▶ [WHAT TO WORK ON]
Restate the full listing word for word; images stay out of it.

▶ [DATASET EXTRACT]
.....

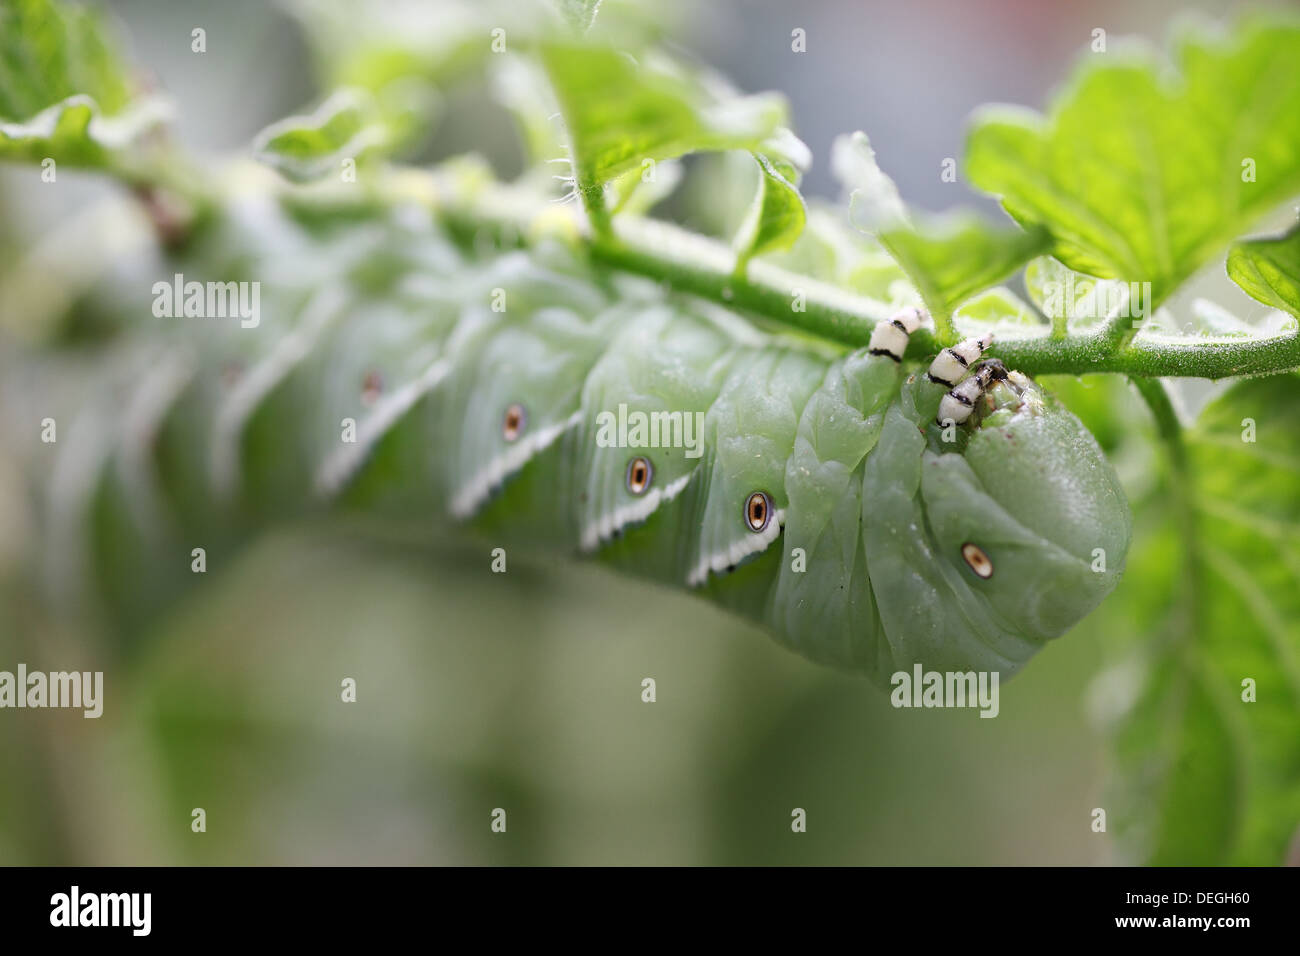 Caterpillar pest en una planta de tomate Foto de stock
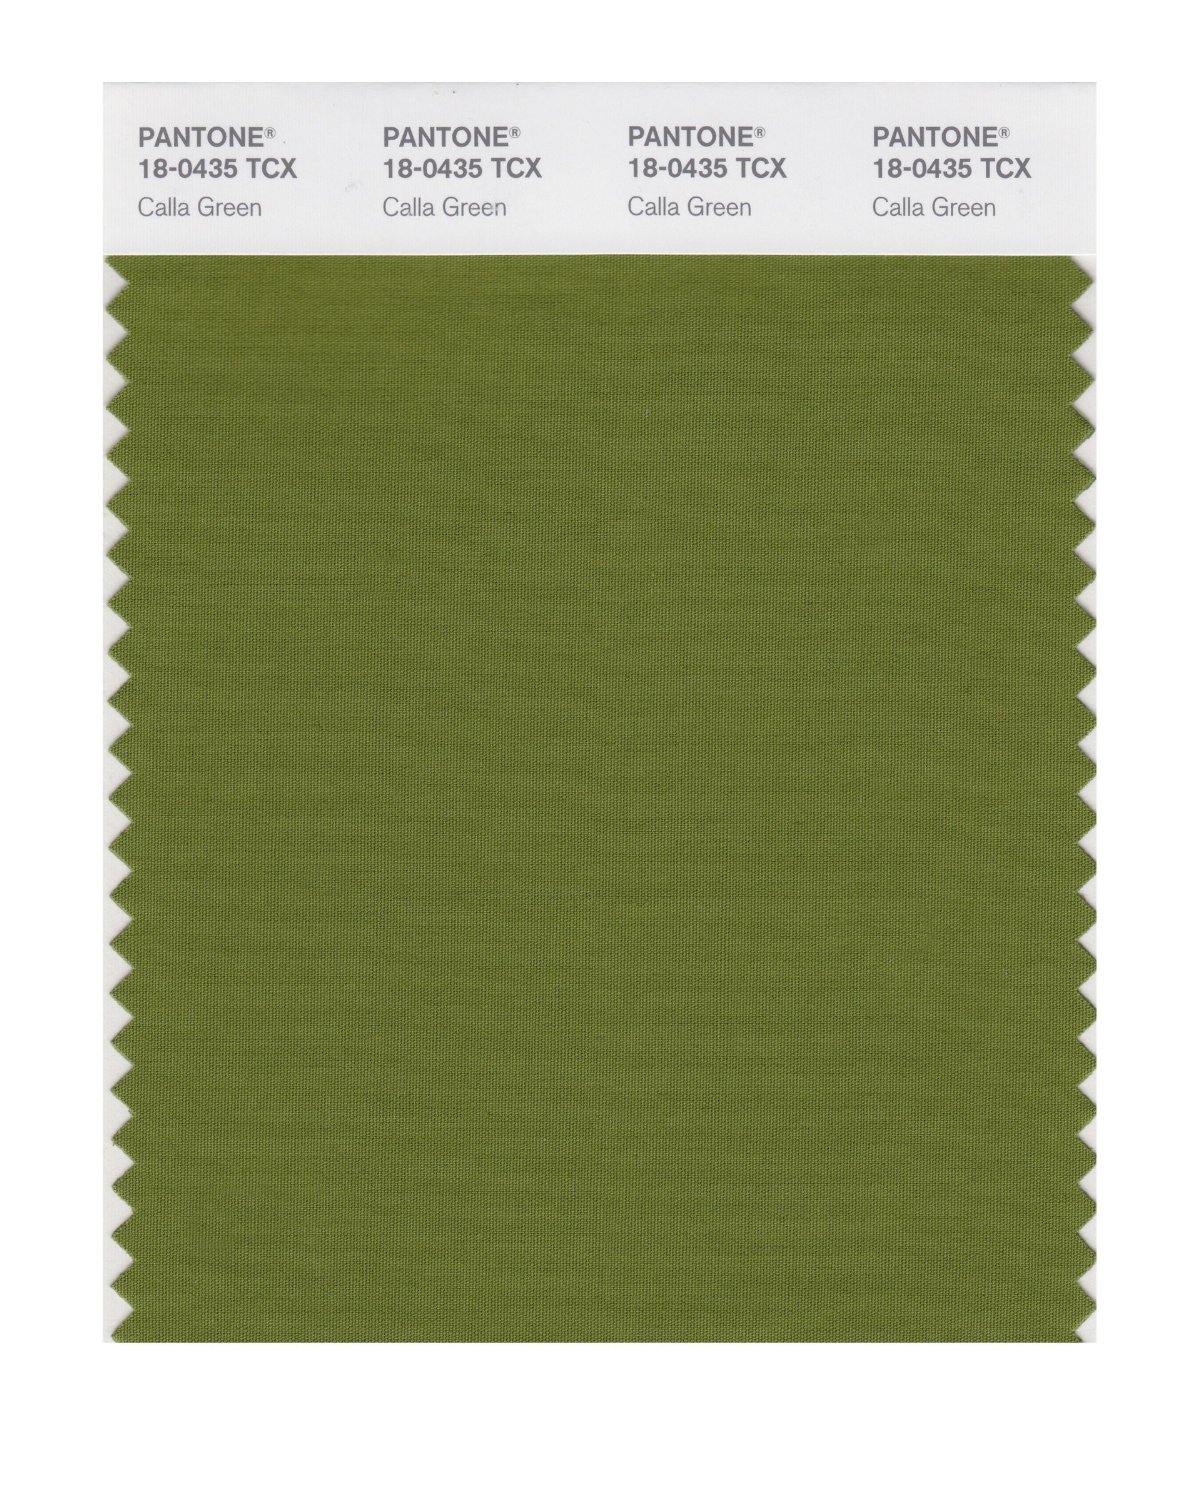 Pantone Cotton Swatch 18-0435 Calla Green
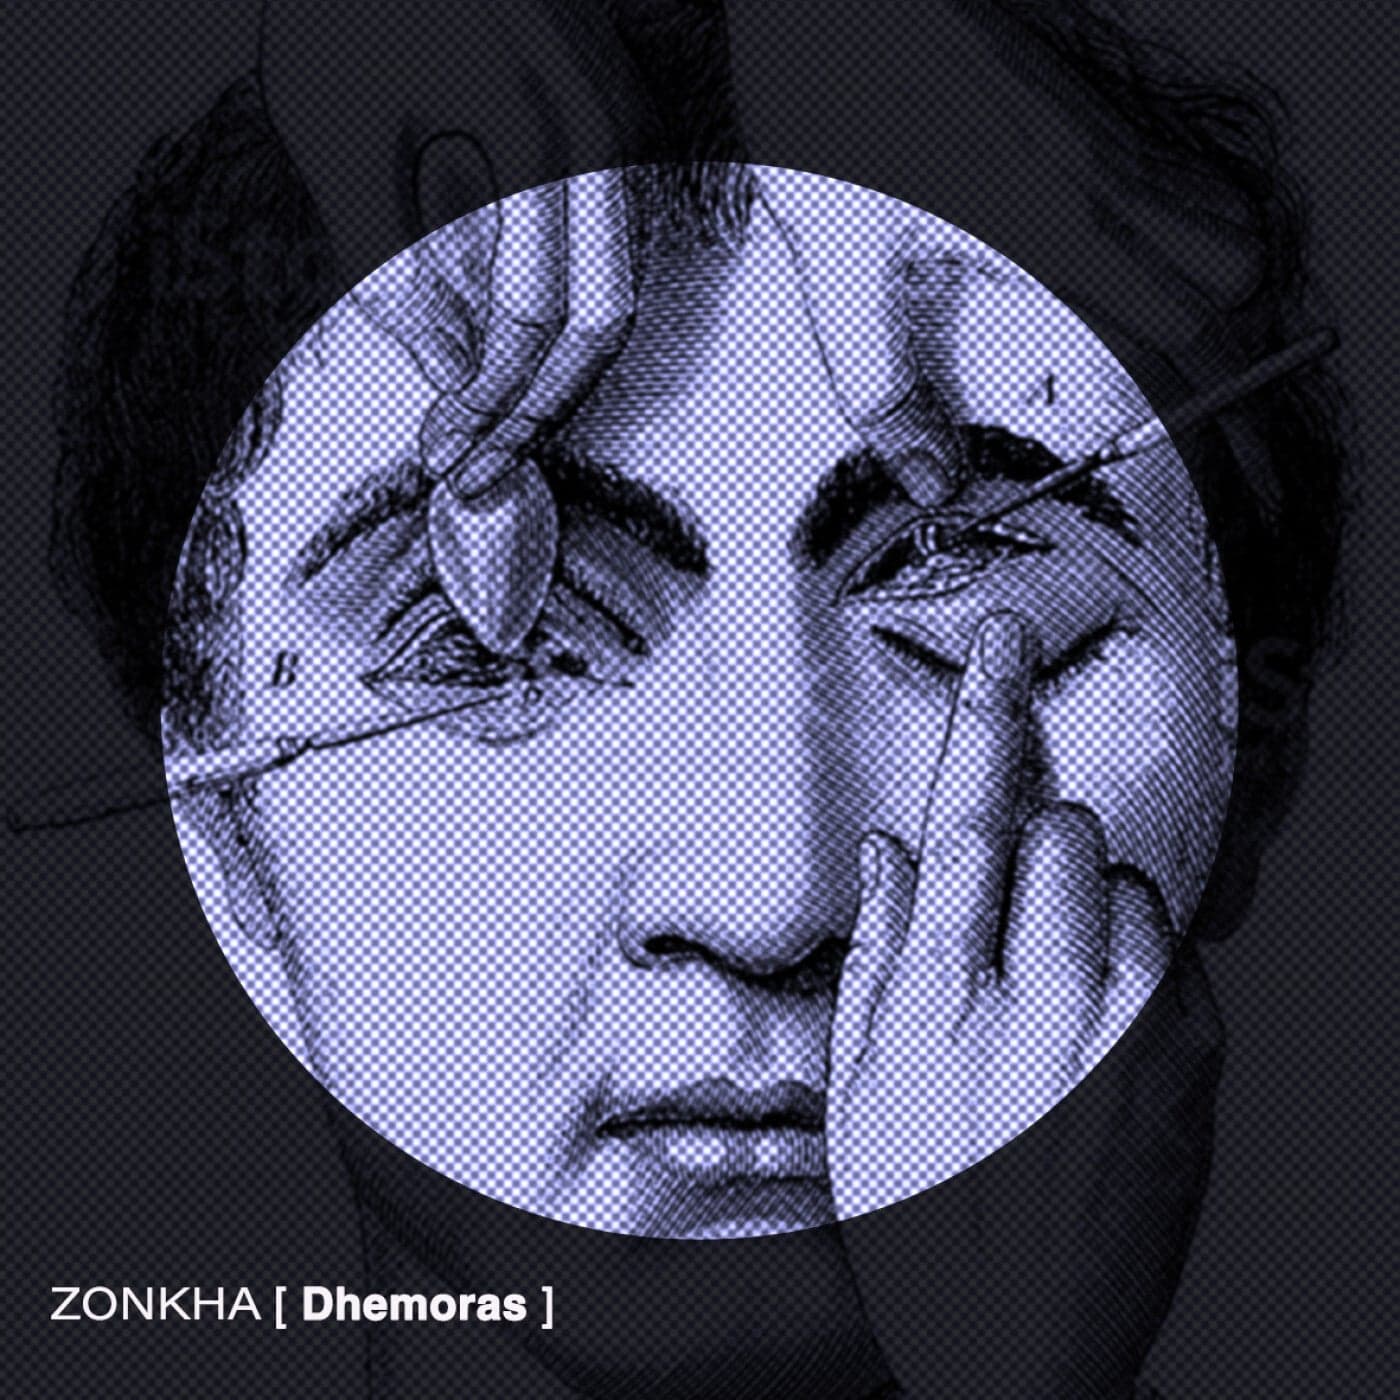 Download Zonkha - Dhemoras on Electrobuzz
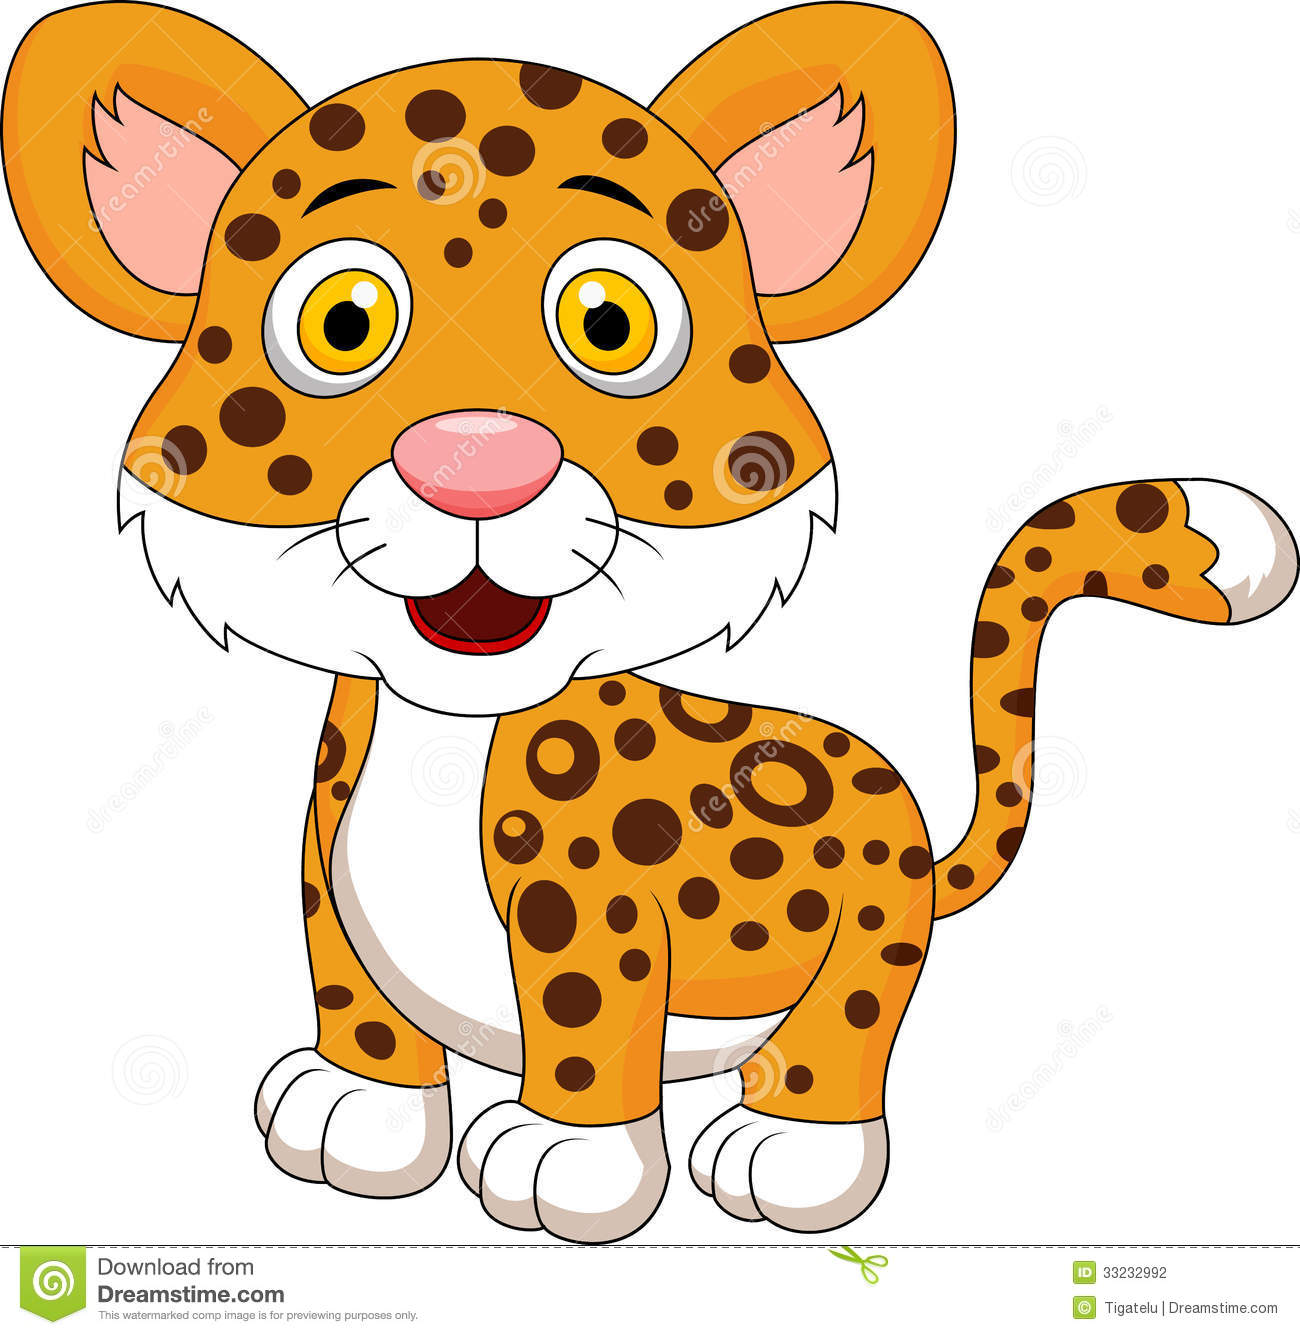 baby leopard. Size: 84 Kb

.....

▶ [REPLY TO THE TASK]
 Caterpillar pest en una planta de tomate Foto de stock
 Pantone Cotton Swatch 18-0435 Calla Green
 Download Zonkha - Dhemoras on Electrobuzz
 baby leopard. Size: 84 Kb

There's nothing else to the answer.